After participating in one of the most massive military projects ever
undertaken in that part of the world, Fallin said he’s opptimistic
about the ties being built between the U.S. and Afghanistan. “I believe
the good deeds we’re doing, along with the Afghanistan government
supporting us, we’re paving the way for democracy over here,” he said.

Comments on "2LT Fallin in Afghanistan"

 

Anonymous seawitch said ... (12:34 AM) : 

Thanks for e-mailing me this story. It's nice to hear about the good news from Afghanistan and what a great job our guys are doing there.
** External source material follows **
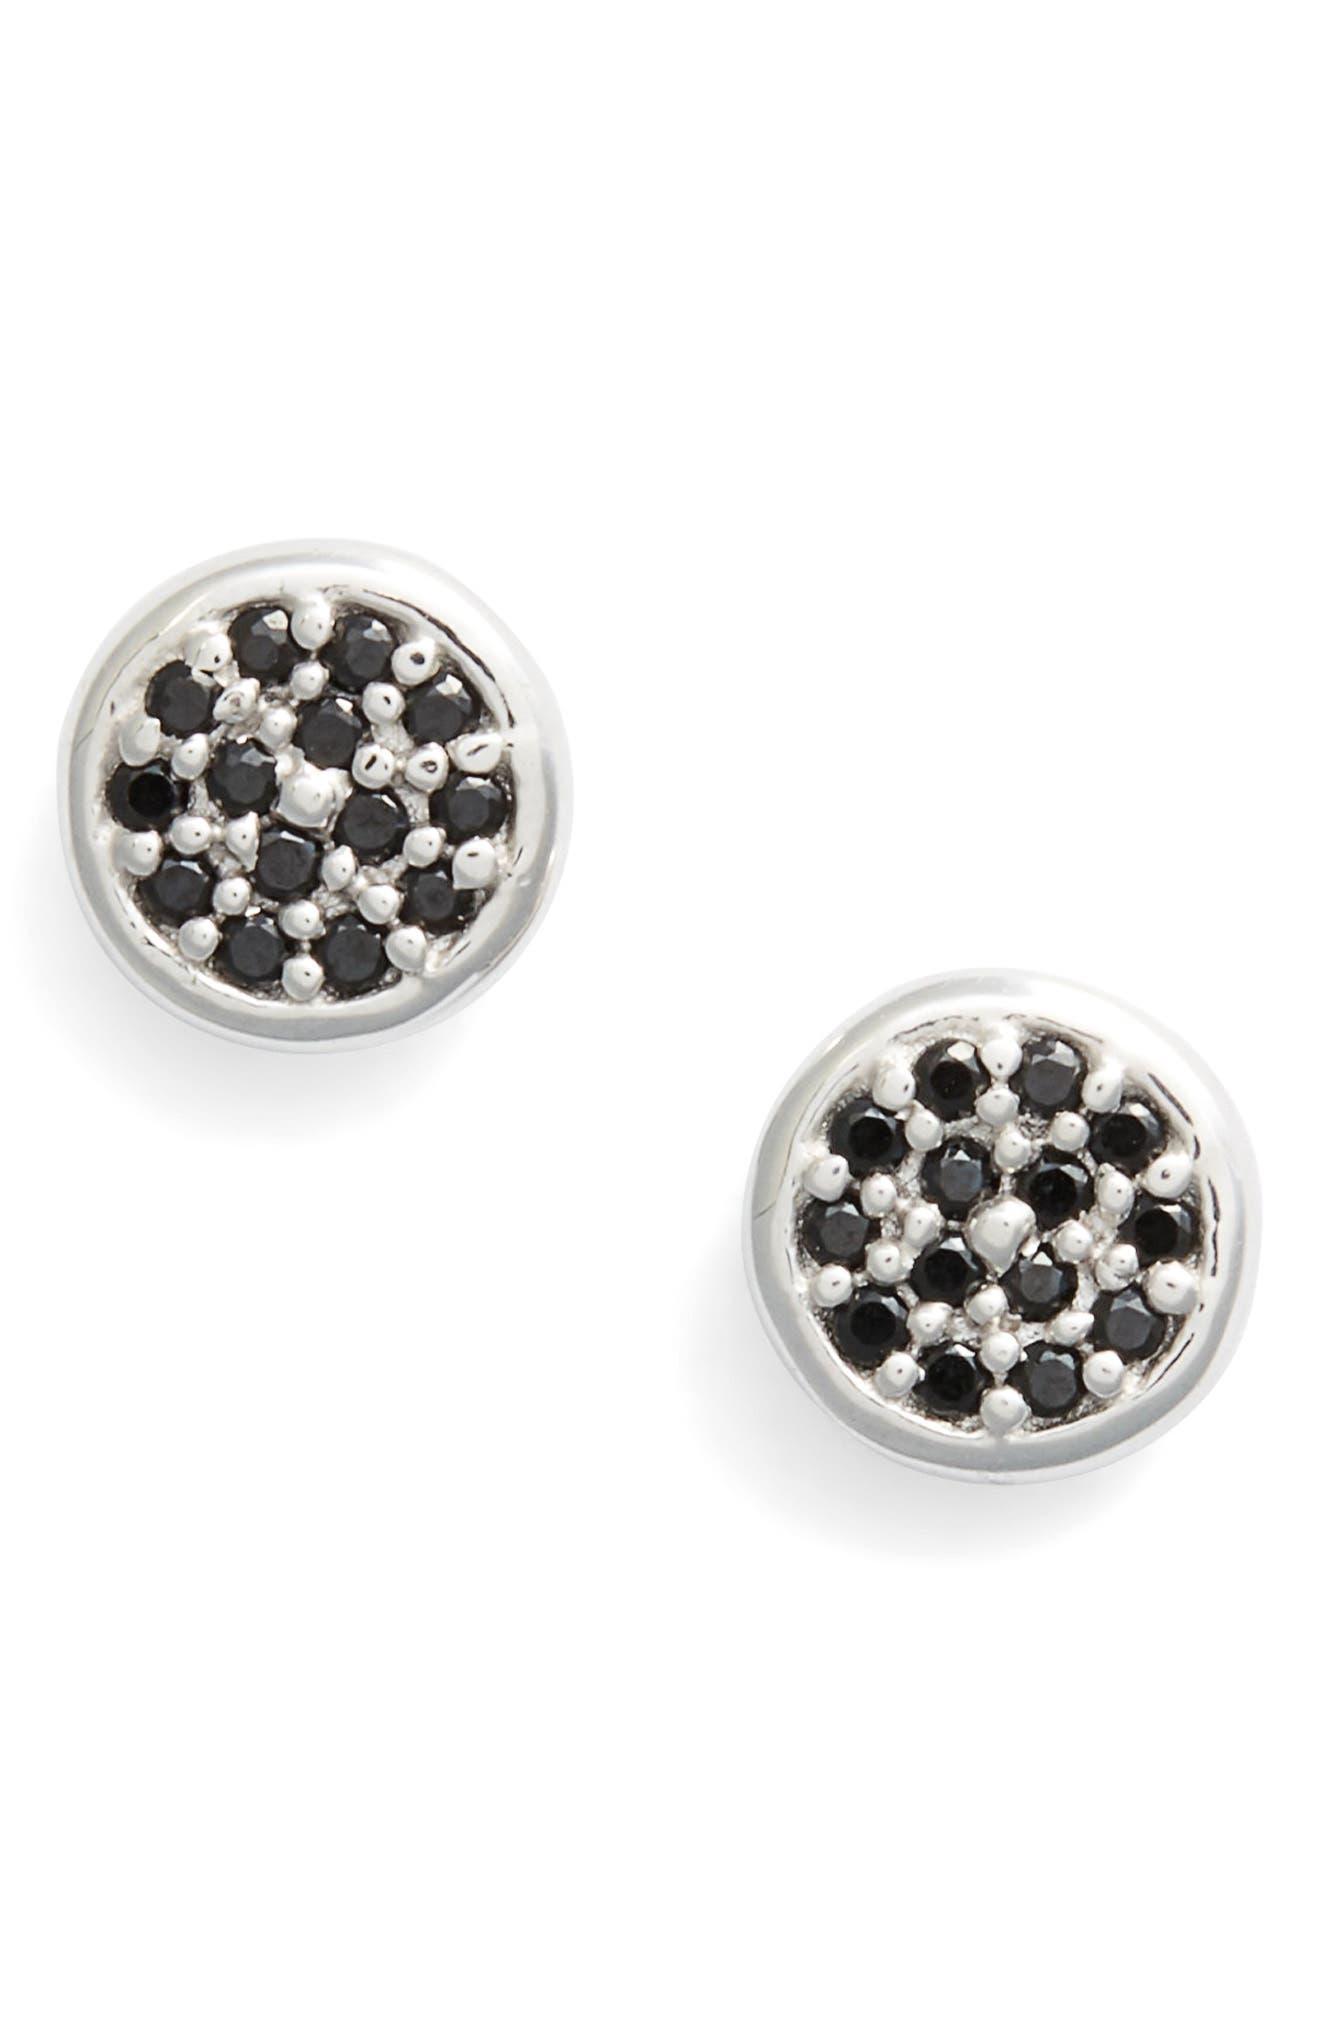 Cubic Zirconia Stud Earrings,                             Main thumbnail 1, color,                             BLACK/ SILVER

I posted about it at my site but the blogger link didn't work. I did link to your post.

 

Blogger Barb said ... (1:22 AM) : 

Great news on the road! I'm glad your buddy has been part of such a great project. Whoo Hooo!!

 

Blogger Pam said ... (8:02 AM) : 

Posted about it too, but having trouble getting the link to work. Great story!

 

Anonymous Echo9er -- aka David said ... (6:11 PM) : 

Jim. Thanks for the email.

Posted about this at Echo9er.

I have a history with the 864th. It was another lifetime in a jungle setting long ago.

Best of luck to your friend. We'll keep him in pouir thoughts.

 

Anonymous 2LT Jonathan Fallin said ... (11:37 PM) : 

James:

Was great to see you and meet Anne. Good luck with the baby girl. I am glad you guys met some of my friends, thety all spoke very highly of you and your wife. We had agreat time and continued on to the Pink Pony afterwards!!